Yeah, I had--I'm not sure why, but I had to blow away a couple caches, and now it works. Thanks for the quick response!

@twyatt -- Did the changes you made for this issue make it into 0.24.0?

@twyatt -- Did the changes you made for this issue make it into 0.24.0?

@twyatt -- nevermind, I see that it isn't in 0.24.0.

@miwright2 I'm waiting for a report back that it resolved the issue before cutting a release with that change. As it does have an impact on library consumers, so I wanted to be sure that was the actual cause/fix for the problem.

@twyatt -- sure thing -- we are about to release using that snapshot. I will let you know how it goes.
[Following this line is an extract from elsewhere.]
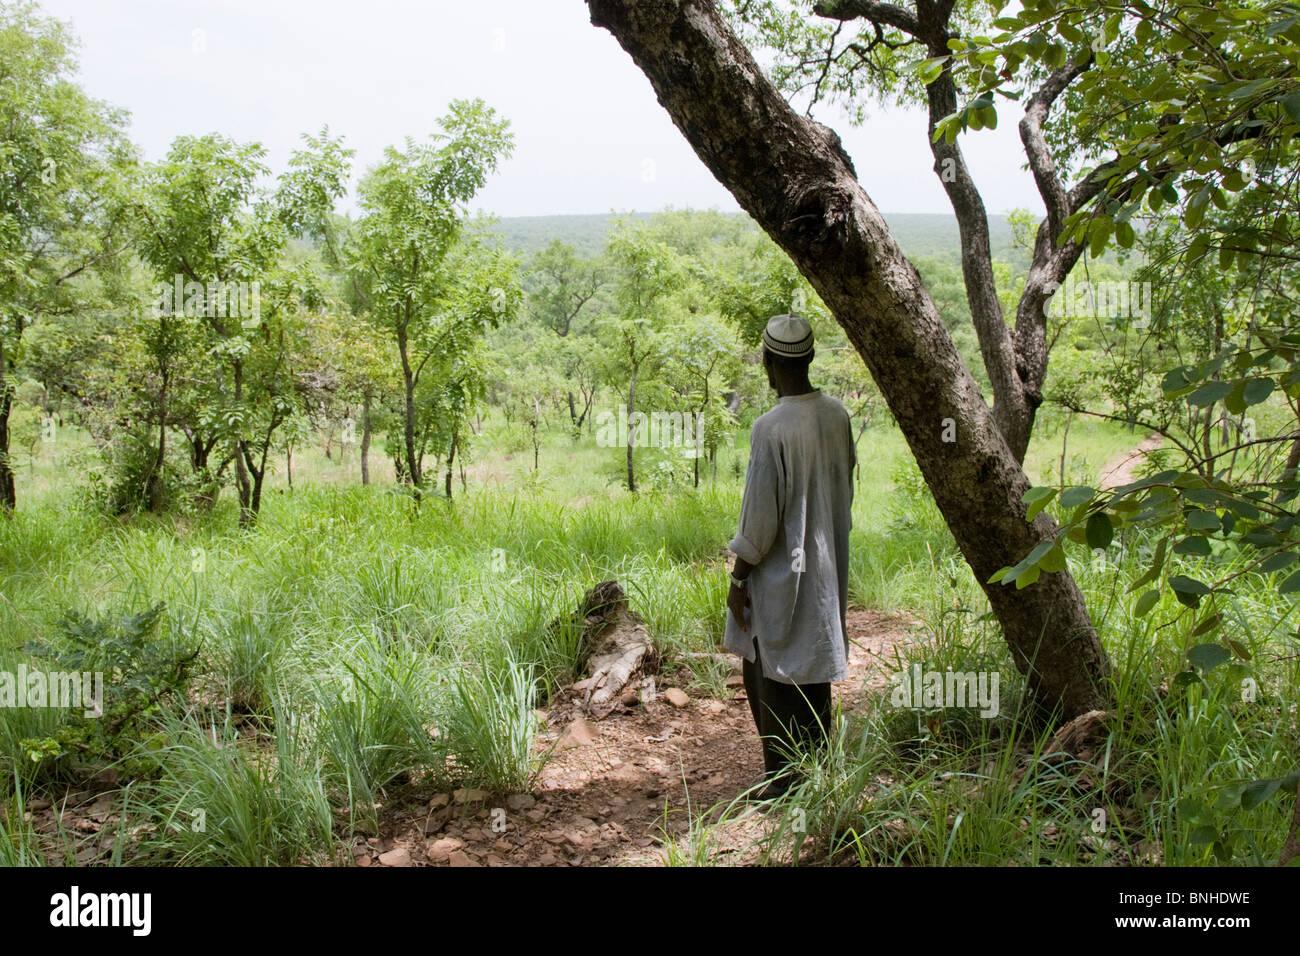 Hunter Moussa at the edge of the Nyankamba Escarpment, reached from Sor 2, Ghana. - Stock Image

I just wanted to make sure that it didn't already make it into a release.

@twyatt -- this fix looks good for us as far as the ANR. With that snapshot build, I'm getting several reports of this crash:

Fatal Exception: java.lang.NullPointerException: characteristic.value must not be null
       at com.juul.kable.gatt.Callback.onCharacteristicRead(Callback.kt:144)
       at android.bluetooth.BluetoothGatt$1$6.run(BluetoothGatt.java:405)
       at android.os.Handler.handleCallback(Handler.java:938)
       at android.os.Handler.dispatchMessage(Handler.java:99)
       at android.os.Looper.loopOnce(Looper.java:201)
       at android.os.Looper.loop(Looper.java:288)
       at android.os.HandlerThread.run(HandlerThread.java:67)

Do you know when the next release might be available that will have the the fix for this merged in?

Thanks for verifying the ANR fix!

I'll cut a release shortly after #537 has the necessary approvals and is merged. UPDATE: It has been released.

As for the NullPointerException you're seeing, let's track that in #540.

@miwright2 ANR fix was included in 0.25.0 release.